This is an automated email from the ASF dual-hosted git repository.
jorgecarleitao pushed a commit to branch master
in repository https://gitbox.apache.org/repos/asf/arrow.git
The following commit(s) were added to refs/heads/master by this push:
new 5228ede ARROW-11086: [Rust] Extend take implementation to more index
types
5228ede is described below
commit 5228ede9abf8ecf9b4bb68a06075cd16af3523e9
Author: Heres, Daniel <[email protected]>
AuthorDate: Sat Jan 2 23:28:03 2021 +0000
ARROW-11086: [Rust] Extend take implementation to more index types
## Context
The context of this PR is that I want to experiment with a simplified
implementation of the hash join in DataFusion which directly can index the
build-side array instead of keeping a list of batches. This array could grow
beyond 2 ^ 32 billion elements, so would need indexes of type `UInt64` rather
than `UInt32`.
## Implementation
In the PR I just extend the public `take` to take any `IndexType` which
implements `ArrowNumericType` and `ToPrimitive`.

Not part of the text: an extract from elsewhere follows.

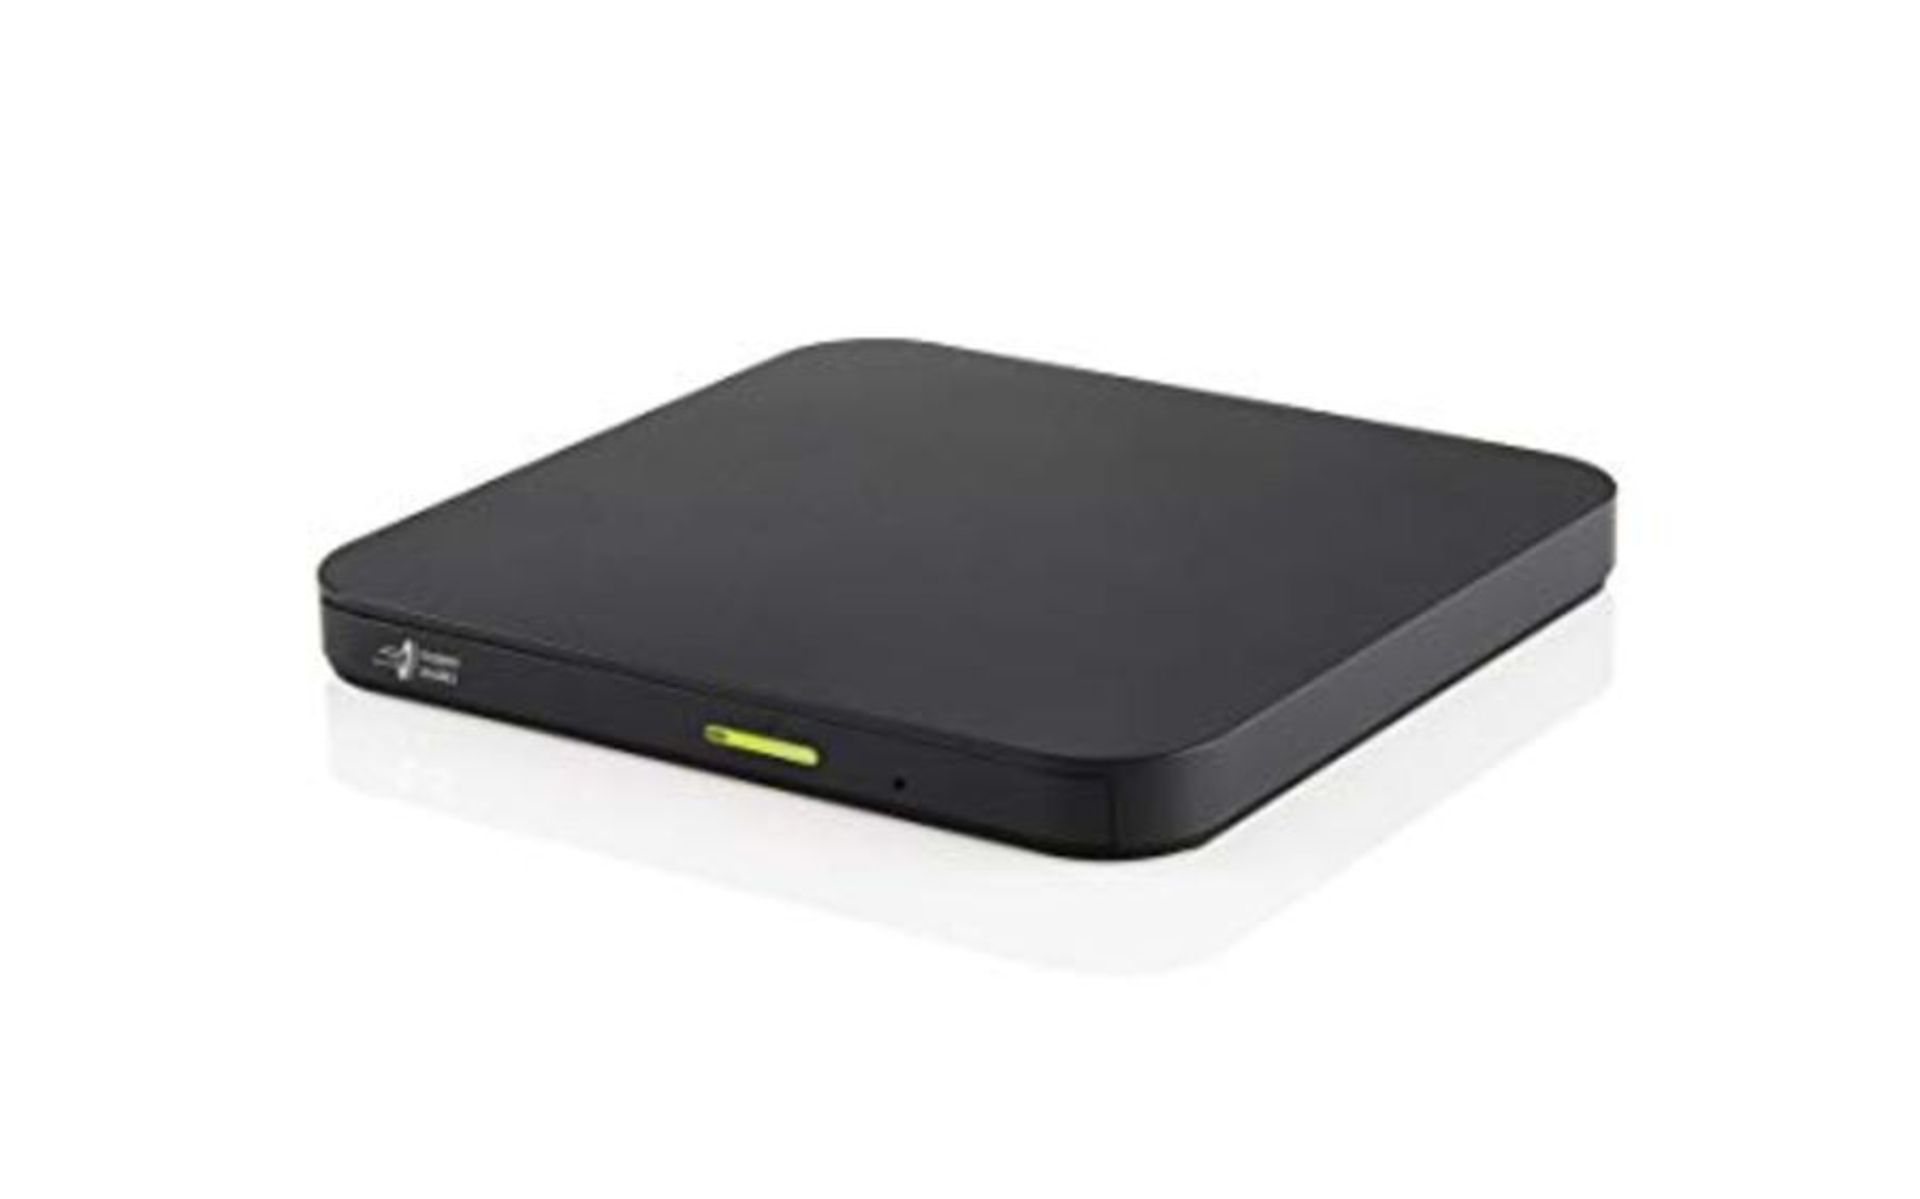 Hitachi-LG GP96 Externes CD/DVD Laufwerk, Portabler Slim Brenner für Smartphone/Table

I am not sure about the consideration before to restrict `take` to only
`UInt32Array`.
Closes #9057 from Dandandan/take_index
Authored-by: Heres, Daniel <[email protected]>
Signed-off-by: Jorge C. Leitao <[email protected]>
---
rust/arrow/src/compute/kernels/take.rs | 12 ++++++++----
rust/datafusion/src/physical_plan/hash_join.rs | 3 ++-
2 files changed, 10 insertions(+), 5 deletions(-)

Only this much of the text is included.